在日常業(yè)務開發(fā)中，會經(jīng)常遇到需要保證唯一性的數(shù)據(jù)業(yè)務，如用戶注冊業(yè)務。一般注冊業(yè)務中允許用戶以手機號或email注冊賬號，且需要保證唯一，不允許重復注冊。當用戶輸入手機號或email登錄時，程序會判定輸入信息的存在與否性，存在則走登錄，不存在則走注冊。而保證唯一性就不僅僅需要在程序端做判斷，還需要MySQL的唯一索引去做最后一道防線。那么唯一索引在一些業(yè)務中使用，如果唯一索引字段中默認值設置為了null，會造成什么后果呢？
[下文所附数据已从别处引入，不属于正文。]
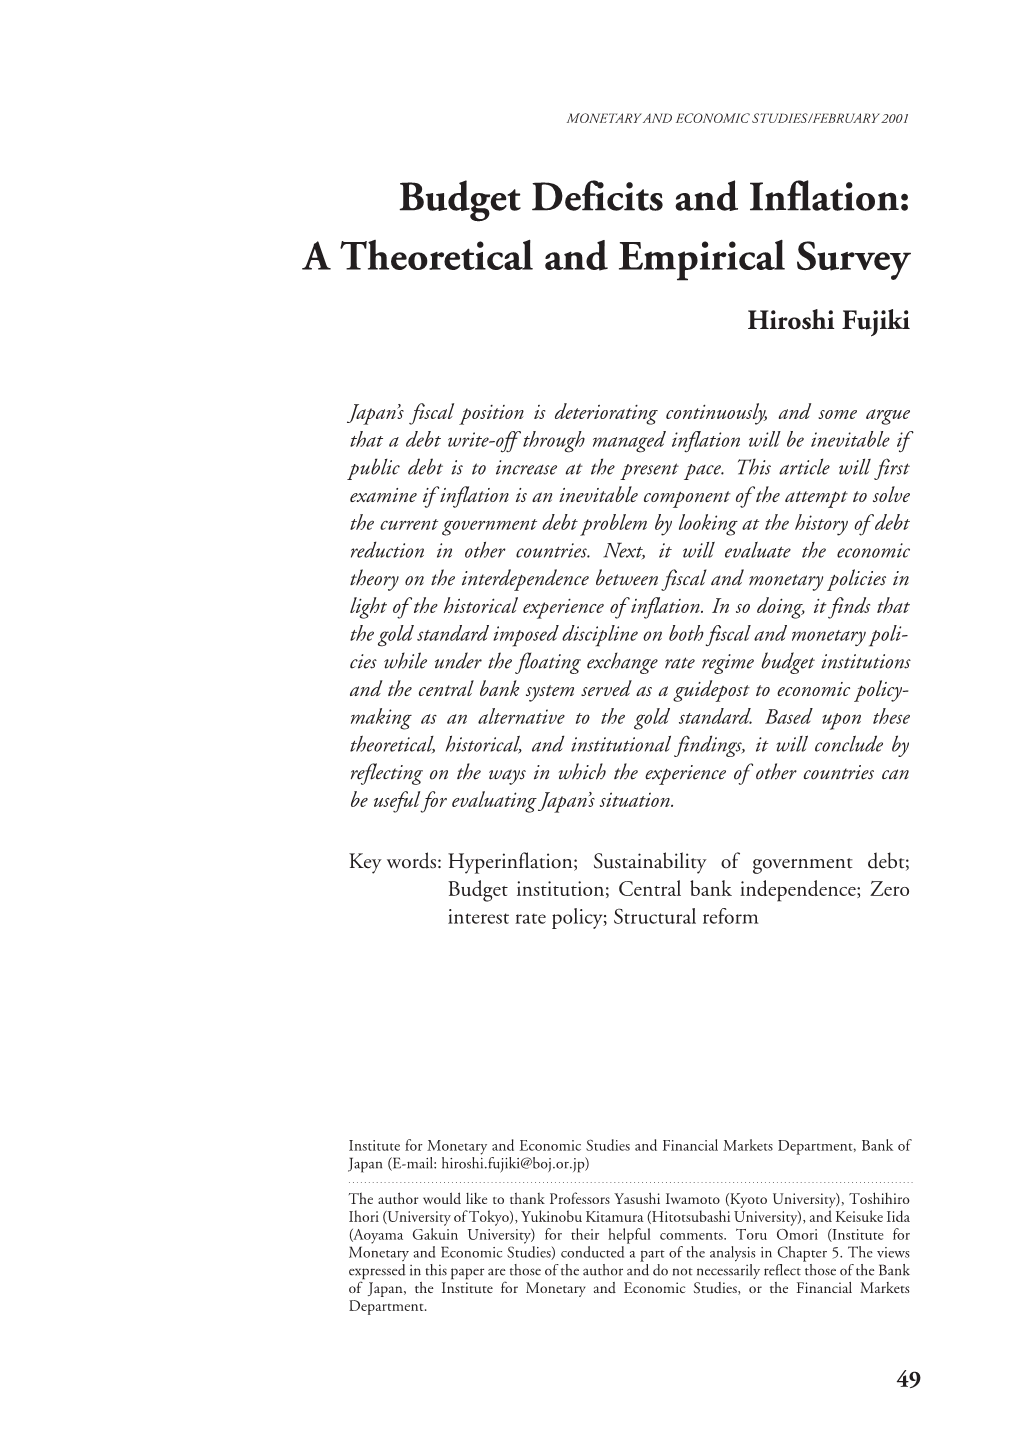 Budget Deficits and Inflation: a Theoretical and Empirical Survey

在阿里的《阿里巴巴Java開發(fā)手冊》中關于MySQL-索引規(guī)范中寫道：【強制】業(yè)務上具有唯一特性的字段，即使是多個字段的組合，也必須創(chuàng)建唯一索引。

說明：

不要以為唯一索引影響了insert速度，這個速度的損耗可以忽略不計，但提高查找的速度是明顯的；

另外，即使在應用層做了非常完善的校驗控制，只要沒有唯一索引，根據(jù)墨菲定律，必然有臟數(shù)據(jù)產(chǎn)生。

看一下為何唯一索引為影響insert速度

在MySQL中，唯一索引樹是一個非聚簇索引，每次插入數(shù)據(jù)時，都會在唯一索引樹上進行遍歷查找該插入值是否唯一，這也就是為什么會影響insert的速度，因為多一步遍歷判斷唯一性。

MySQL版本：在docker中啟動一個mysql

mysql> select version();
+-----------+
| version() |
+-----------+
| 8.0.18    |
+-----------+
1 row in set (0.00 sec)

假設只存在郵箱注冊：

#建表語句
CREATE TABLE `user_1` (
  `id` int(10) unsigned NOT NULL AUTO_INCREMENT COMMENT '主鍵',
  `email` varchar(32) NOT NULL DEFAULT '' COMMENT '郵箱',
  `name` varchar(11) DEFAULT '' COMMENT '名字',
  PRIMARY KEY (`id`),
  UNIQUE KEY `uk-email` (`email`)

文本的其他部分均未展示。